Porospathis mammillata, Hæckel, 1879, Sitzungsb. med.-nat., Gesellsch. Jena, Dec. 12.

Shell subspherical, densely covered with numerous mammiliform hollow papillæ, between which are scattered single longer, hollow, radial spines; these are irregularly curved, cylindrical, without distinct alveoles; the twelve longest are two to three times as long as the shell, divergent in the oral direction, and surround the base of the peristome in two irregular alternate circles, each with six spines. The hollow papillæ of the surface, between which are placed numerous circular pores (or dimples?), open into the shell-cavity by a small pore (fig. 1a); they are perhaps reduced radial spines. The constricted peristome is conical and prolonged into an inversely conical proboscis, which is about as long as the radius of the shell; its dilated mouth is surrounded by a corona of slender, divergent, bristle-shaped teeth. The position of this species in the family Medusettida is doubtful; perhaps it is more closely allied to the Castanellida.

Dimensions.—Diameter of the shell 0.12; length of the proboscis 0.08, breadth 0.03; length of the shorter spines 0.1, of the longest spines 0.3.

Habitat.—North Pacific, Station 252, surface.

Family LXXX. Castanellida, Haeckel, 1879 (Pl. [113]).

Castanellida, Haeckel, 1879, Sitzungsb. med.-nat. Gesellsch. Jena, Dec. 12, p. 5.

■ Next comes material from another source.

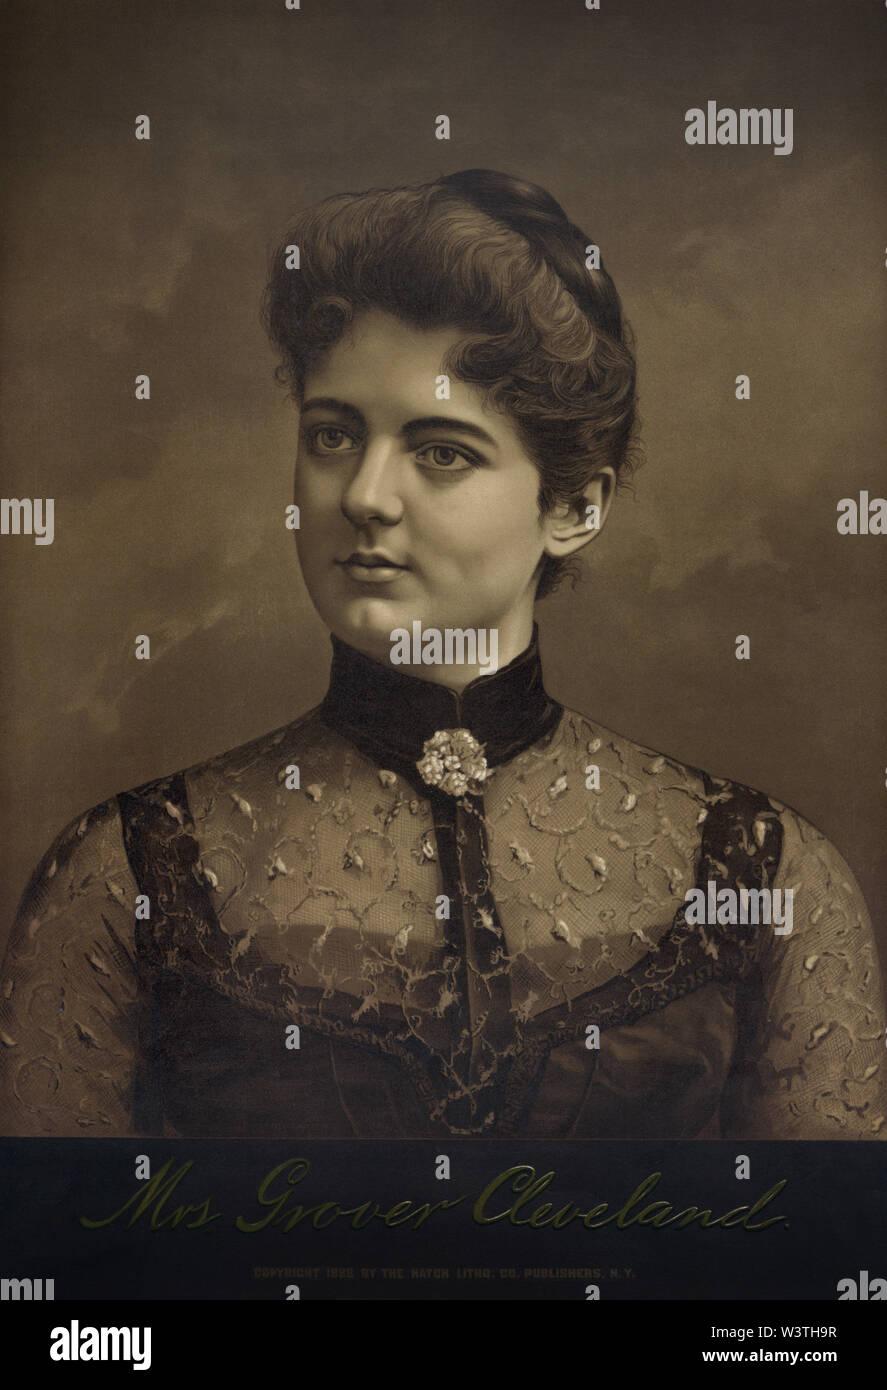 La Sra. Grover Cleveland, Litografía publicado por Hatch Litografía Co., 1888 Imagen De Stock

Definition.—Phæodaria with a spherical or subspherical shell, exhibiting ordinary lattice-work, with circular or roundish pores. Radial spines without circles of basal pores. Mouth of the shell large, usually circular and armed with teeth. Central capsule excentric, placed in the aboral half of the shell-cavity.

The family Castanellida represents a common and widely distributed group of Phæodaria, which posses a very simple and uniform shell, viz., a simple lattice-sphere with radial spines and one simple mouth. It may therefore be easily confounded with the Coscinommida, or those Sphæroidea in which the shell is also a simple lattice-sphere armed with radial spines (Astrosphærida simplicia, p. [209]). Indeed the shell of both groups is very similar, and differs in one important point only; the Castanellida constantly possess one larger opening in the shell-wall, the shell-mouth, which is either smooth or armed with a corona of teeth; in the Coscinommida, however, such a mouth is never present. The living specimens of both groups, and those shells in which the soft body is preserved, are very easily distinguished, since the shell encloses in the Coscinommida the central capsule and the transparent calymma only, whilst the latter, besides, in the Castanellida contains a voluminous dark brown or green mass of phæodella, the characteristic phæodium. A closer examination of the central capsule reveals in all Castanellida the typical operculum, the astropyle, with the proboscis of the Phæodaria, which is never present in any Sphæroidea.

The Castanellida are easily distinguished also from those similar Phæodaria in which the shell is also a lattice-sphere; the lattice-work is constantly quite simple, as in the similar Coscinommida, never composed of separated tangential pieces (as in the Aulosphærida), or of porcellanous structure, with basal circles of pores (as in the Circoporida), or of diatomaceous structure (as in the Challengerida). The gigantic Orosphærida, which also in part posses a simple lattice-sphere, differ from the Castanellida in the absence of the peculiar shell-mouth.

Though the Castanellida belong to the most common Phæodaria, and though the number of individuals, floating on the surface of the tropical seas, is extraordinarily great, their variety of forms is very small; the six genera distinguished in the following system differ only in very slight characters, and the majority of the species are very similar, and often hardly distinguishable. The seven species figured in Pl. [113] exhibit the most striking differences which I could distinguish among all the species observed. The shell usually has the characteristic appearance of a chestnut, a sphere covered with very numerous short radial spines or bristles. In the majority of species a certain number of longer thin radial spines is scattered over the surface; these are usually simple, rarely branched. The mouth of the shell, corresponding to the proboscis of the central capsule, and placed in the same radius, is either a quite simple larger opening with a smooth margin (figs. 3, 5, 7) or is armed with a corona of teeth (figs. 1, 6).